__Task to carry out__. Quote the data below in full, minus the images.

__Provided material__.
==*==
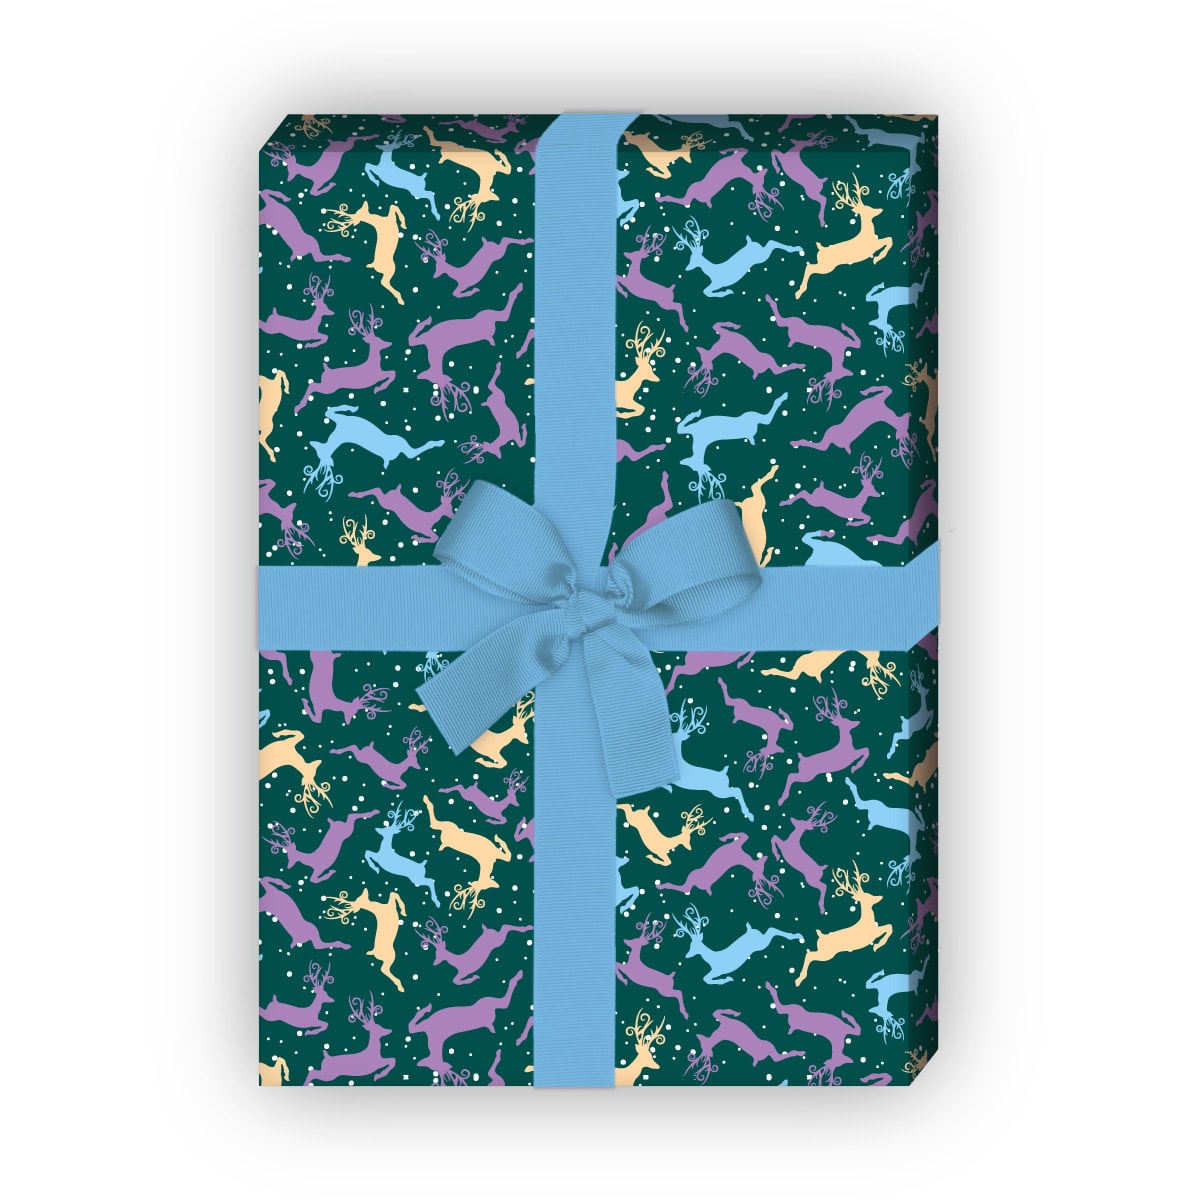 zum Weihnachtsgeschenk einpacken: Weihnachts Geschenkpapier mit buntem Hirsch Mosaik, grün, jetzt online kaufen
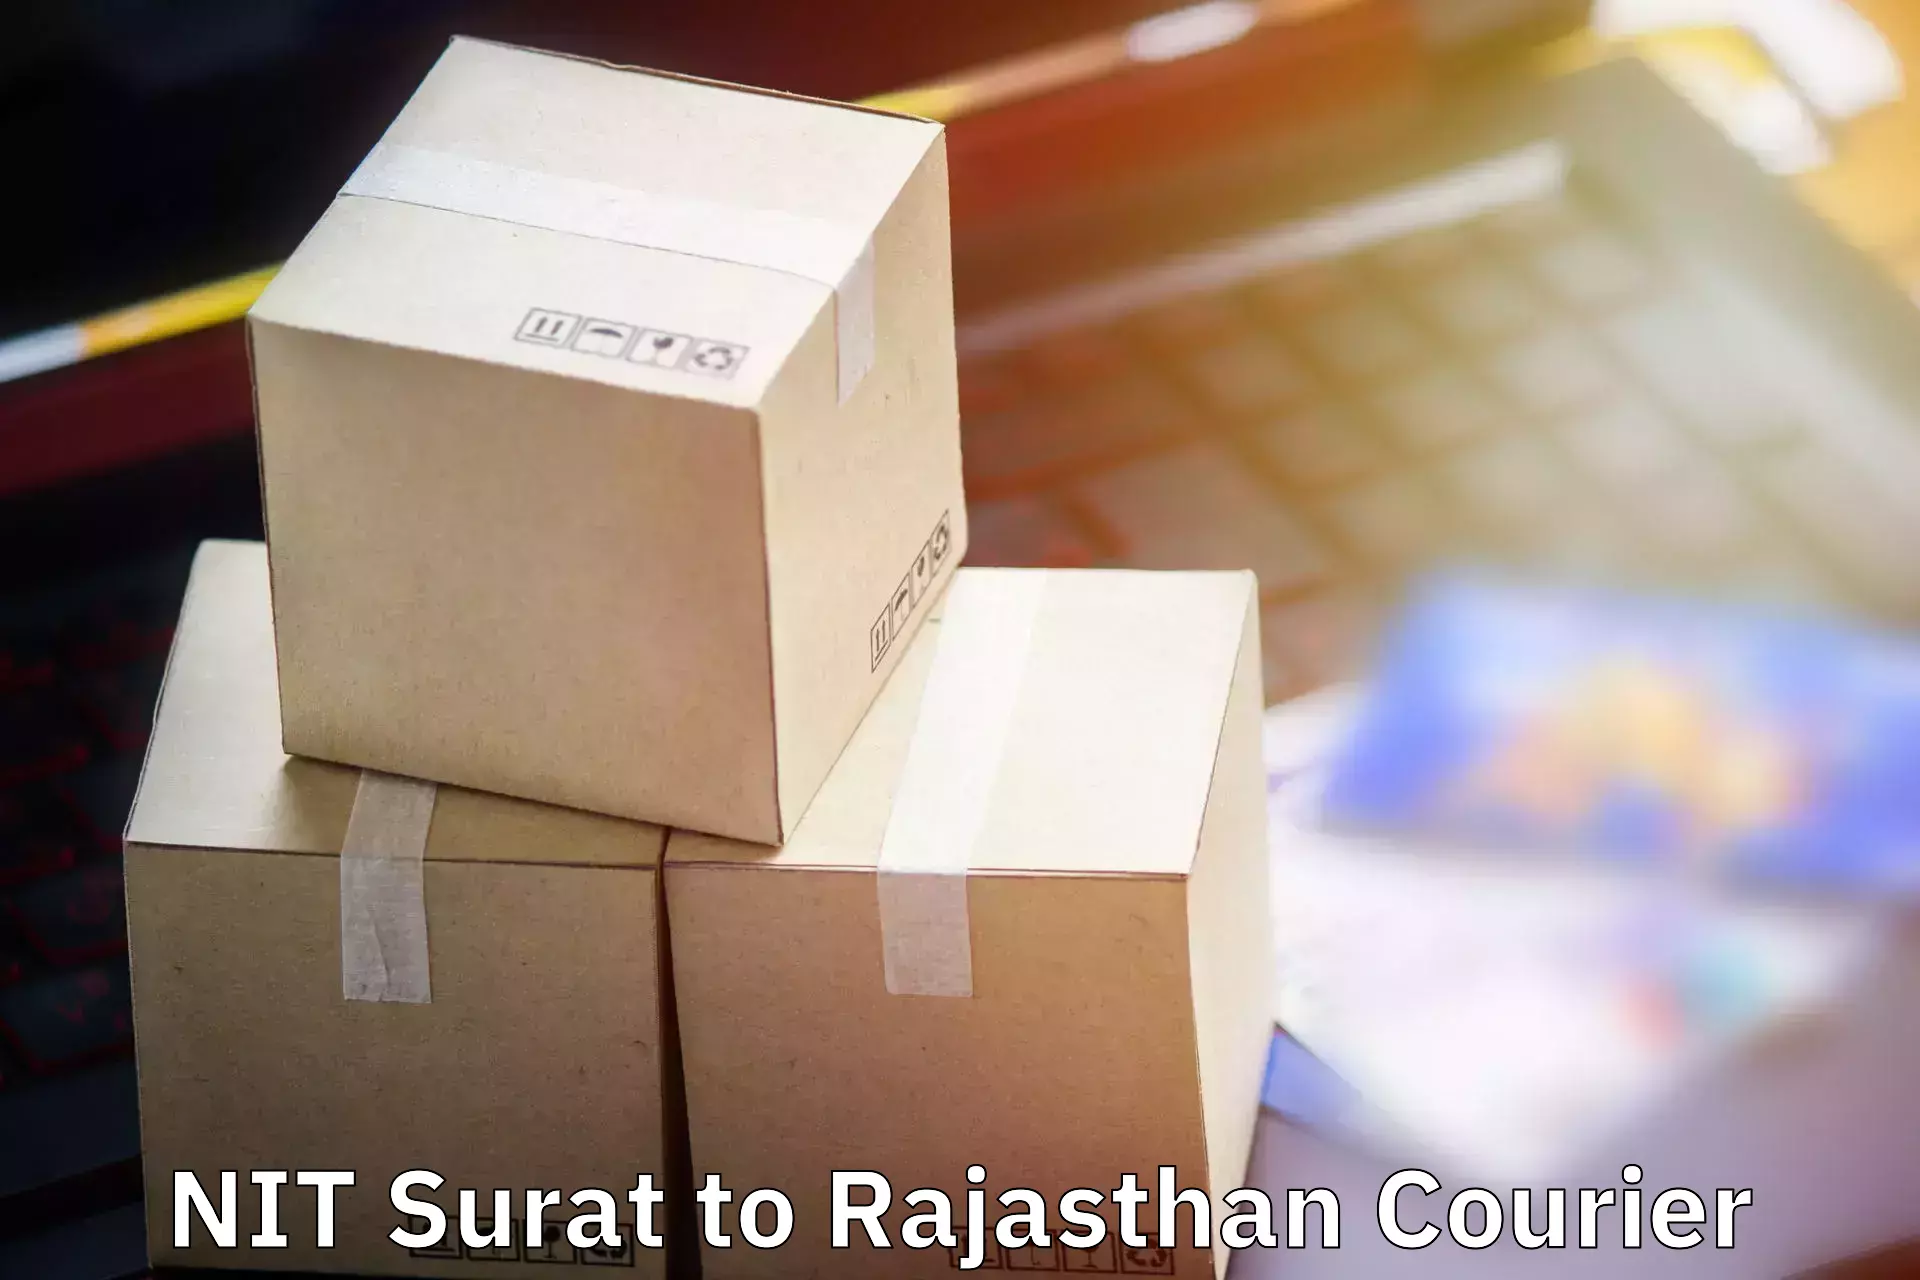 Baggage shipping quotes NIT Surat to Nasirabad
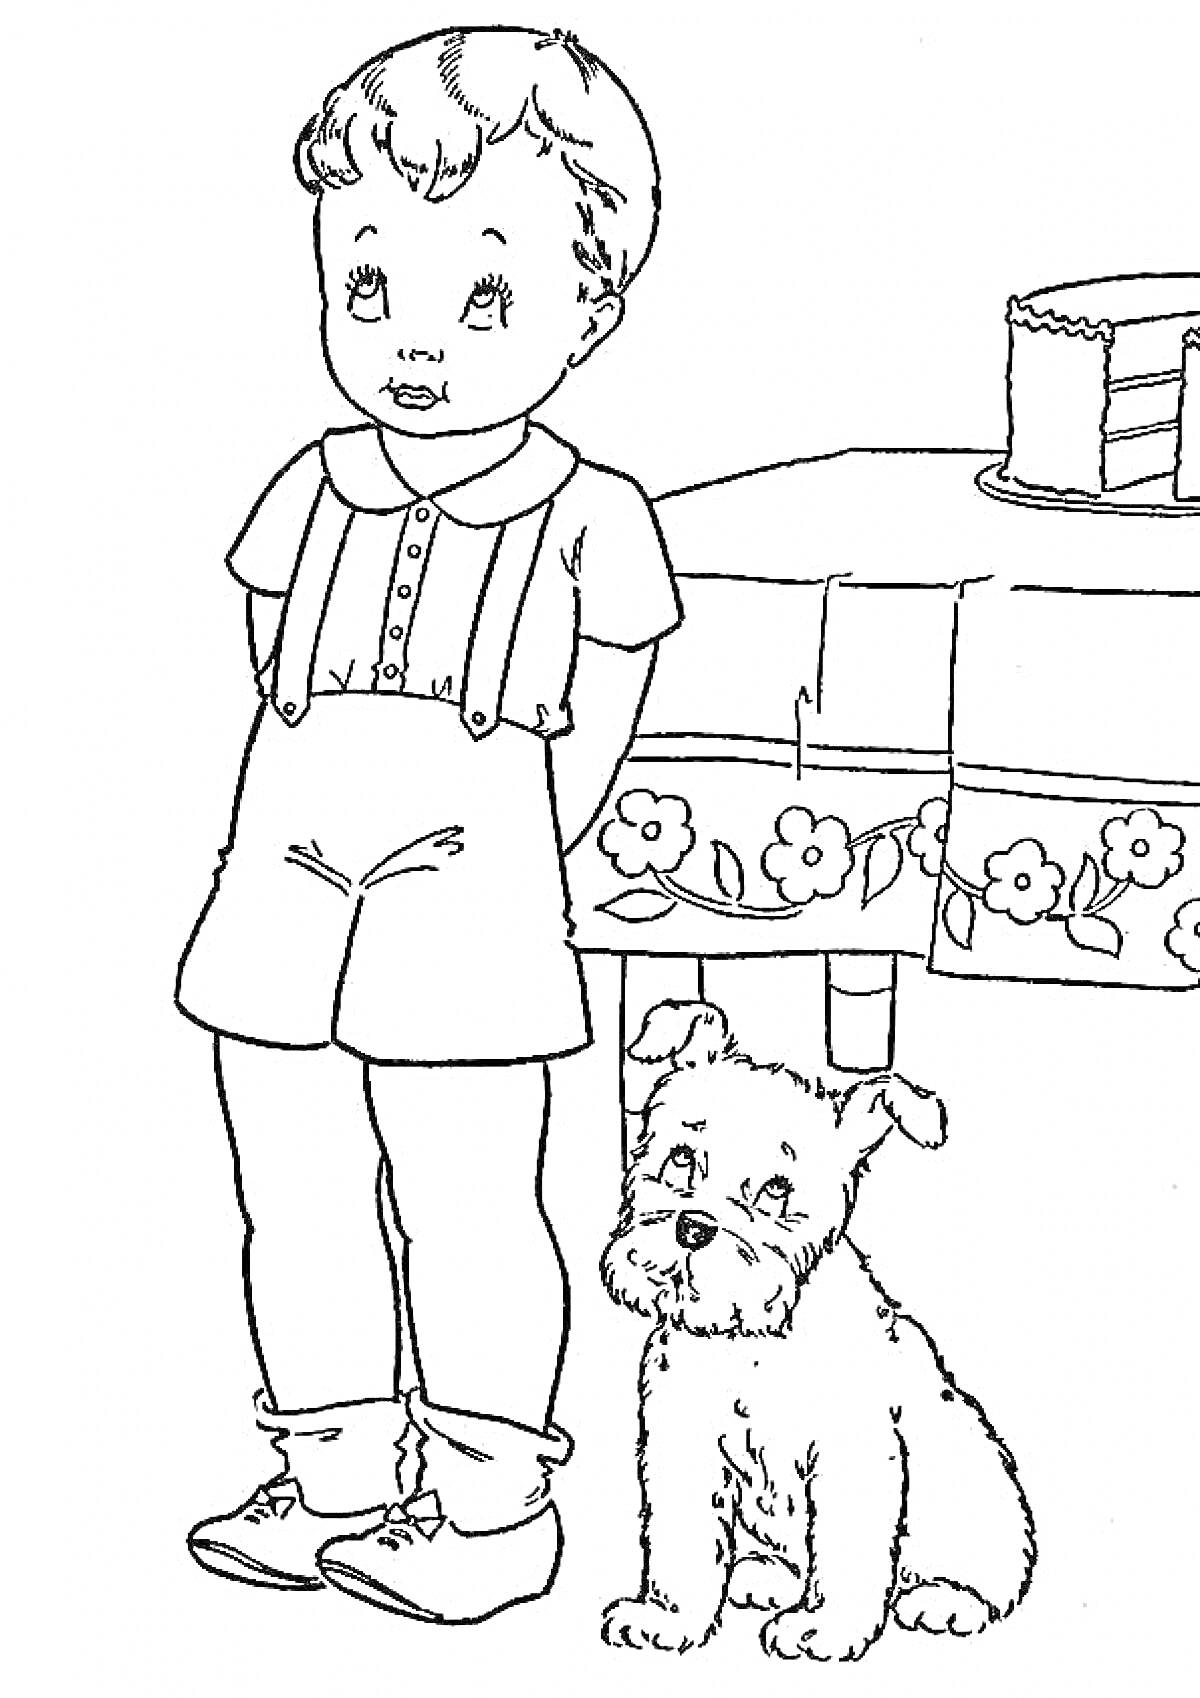 Мальчик с собакой рядом со столом с тортом
==*==
__Response box__.
 zum Weihnachtsgeschenk einpacken: Weihnachts Geschenkpapier mit buntem Hirsch Mosaik, grün, jetzt online kaufen
 Baggage shipping quotes NIT Surat to Nasirabad
 Мальчик с собакой рядом со столом с тортом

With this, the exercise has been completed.